Published in final edited form as: J Adolesc Health. 2015 Apr 21;57(1):120–122. doi: 10.1016/j.jadohealth.2015.02.017

The Impact of Early Bedtimes on Adolescent Caloric Intake

Dean W Beebe 1,2, Amy Zhou 2, Joseph Rausch 1,2, Olivia Noe 3, Stacey L Simon 4
PMCID: PMC4478236  NIHMSID: NIHMS683773  PMID: 25911162

Abstract

Purpose

Adolescent sleep restriction (SR) is common and can lead to overeating. Here we test whether lengthening sleep via early bedtimes affects dietary intake differently for adolescents accustomed to a later sleep phase (“night owls”) versus an earlier sleep phase (“morning larks”).

Methods

Using a randomized cross-over design, 67 adolescents changed bedtimes to create 5-night periods of SR (6.5 hours in bed) versus healthy sleep (HS; 10 hours in bed). Caloric intake was measured via validated interviews. Phase preference was based on participants' pre-manipulation sleep.

Results

Actigraphy verified that the manipulation altered sleep regardless of phase preference. Phase preference moderated the effect of the manipulation on cumulative caloric intake (p=.01-.03). Night owls showed little effect, but morning larks reduced their evening intake during HS.

Conclusions

An “early to bed” approach confers little dietary benefit for night owls, but may have a protective effect for adolescents who gravitate towards earlier bedtimes.

Introduction

Sleep experts have increasingly pointed toward chronic sleep restriction (SR) as a contributor to obesity during adolescence, and have called for interventions to lengthen adolescent sleep [1]. Although most studies linking adolescent sleep and diet have used correlational data, we recently published experimental findings that show a causal link between SR and the eating behavior of adolescents [2, 3]. Specifically, healthy adolescents consumed ∼10% more calories after several nights of SR than when well-rested.

Sleep timing also appears to be important.
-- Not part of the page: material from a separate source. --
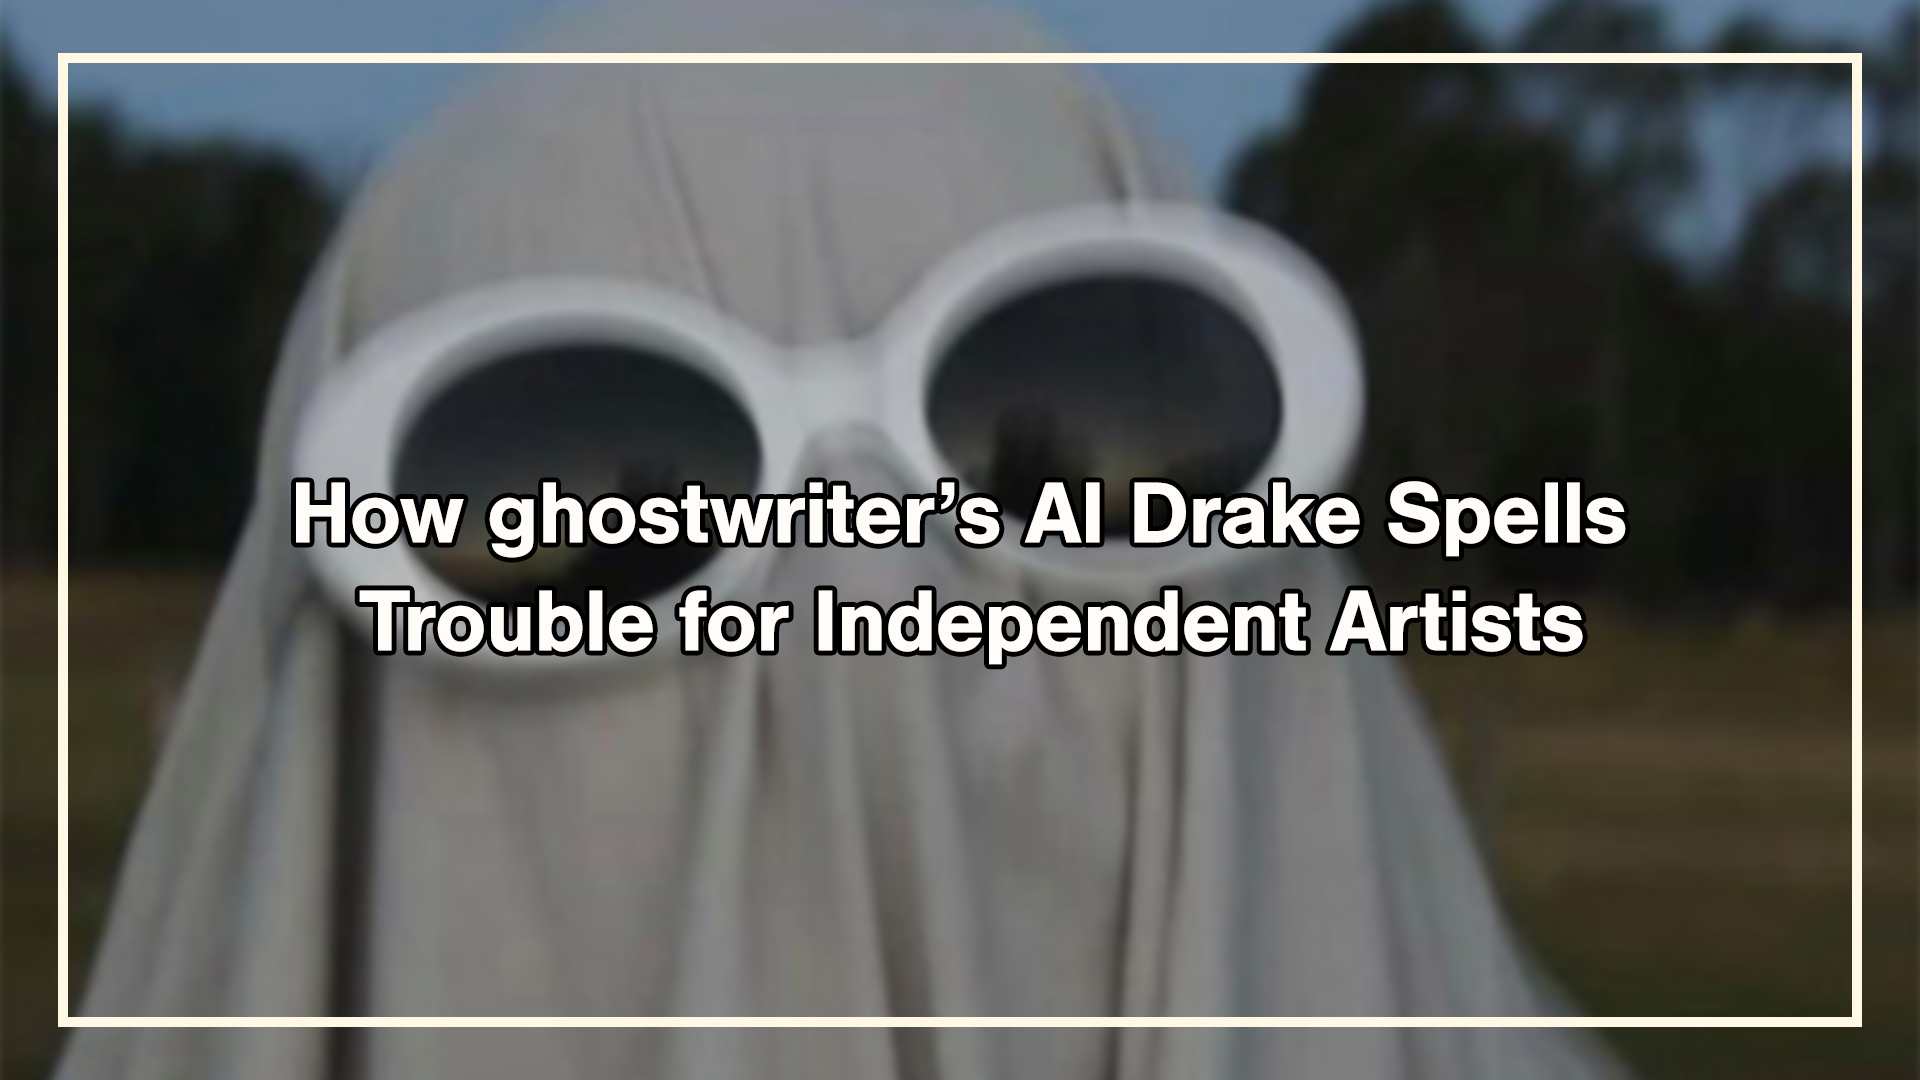 How ghostwriter’s “AI Drake” Could Spell Trouble for Independent Artists

Adolescents with a later circadian preference (“night owls”) tend to have poorer quality diets than those with an earlier circadian preference (“morning larks”), though studies disagree on how much this is attributable to differences in sleep duration versus metabolic factors [4, 5]. Metabolic processes follow circadian patterns, and experimentally inducing a misalignment between adults' internal clocks and external stimuli can cause metabolic disturbances [6]. If a similar effect is present in adolescents, it would have implications for public health interventions to lengthen adolescents' sleep. For example, an early-to-bed approach might have more dietary benefits for morning larks than for night owls (because early bedtimes mismatch their internal clocks), even if both sleep longer.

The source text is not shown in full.